Provable Interactive Learning with Hindsight Instruction Feedback
Dipendra Misra, Aldo Pacchiano, Robert E. Schapire
TL;DR
This work formalizes interactive learning from hindsight instruction (LHI), where a teacher labels an agent's response with a suitable instruction instead of providing explicit expert actions or rewards. The authors prove a general lower bound showing regret can scale with the size of the response space, motivating structural assumptions. They then introduce LORIL, a low-rank aware algorithm that achieves a sublinear regret of order $\\tilde{O}(\\sqrt{T})$ with dependence on the intrinsic rank $d$ rather than the size of the action space, and provide finite-sample regret guarantees under realizability and bounded-feature assumptions. Empirical results on synthetic and image-instruction tasks show LORIL outperforms baselines and remains effective even when the low-rank condition is violated, highlighting the potential of hindsight-label feedback for efficient instruction following.

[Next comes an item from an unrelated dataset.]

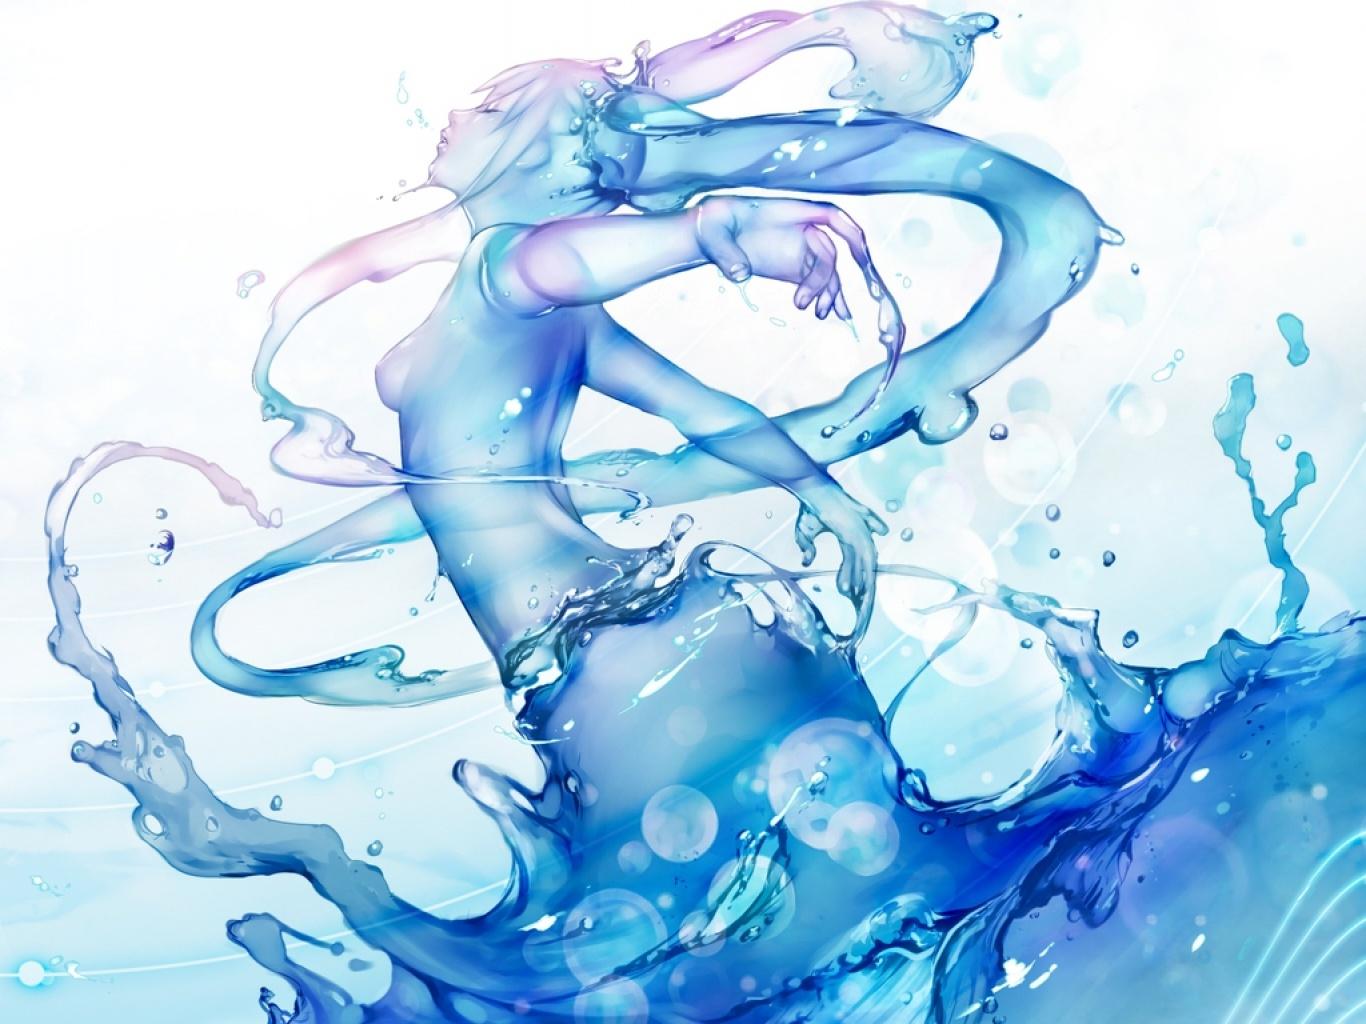 Cars Disney Hd Fondo D Mujer De Agua 348120 Wallpaper wallpaper

The work lays a foundation for further algorithmic development in hindsight-based supervision with practical implications for robotics and language-grounded systems.
Abstract
We study interactive learning in a setting where the agent has to generate a response (e.g., an action or trajectory) given a context and an instruction. In contrast, to typical approaches that train the system using reward or expert supervision on response, we study learning with hindsight instruction where a teacher provides an instruction that is most suitable for the agent's generated response. This hindsight labeling of instruction is often easier to provide than providing expert supervision of the optimal response which may require expert knowledge or can be impractical to elicit. We initiate the theoretical analysis of interactive learning with hindsight labeling. We first provide a lower bound showing that in general, the regret of any algorithm must scale with the size of the agent's response space. We then study a specialized setting where the underlying instruction-response distribution can be decomposed as a low-rank matrix. We introduce an algorithm called LORIL for this setting and show that its regret scales as $\sqrt{T}$ where $T$ is the number of rounds and depends on the intrinsic rank but does not depend on the size of the agent's response space. We provide experiments in two domains showing that LORIL outperforms baselines even when the low-rank assumption is violated.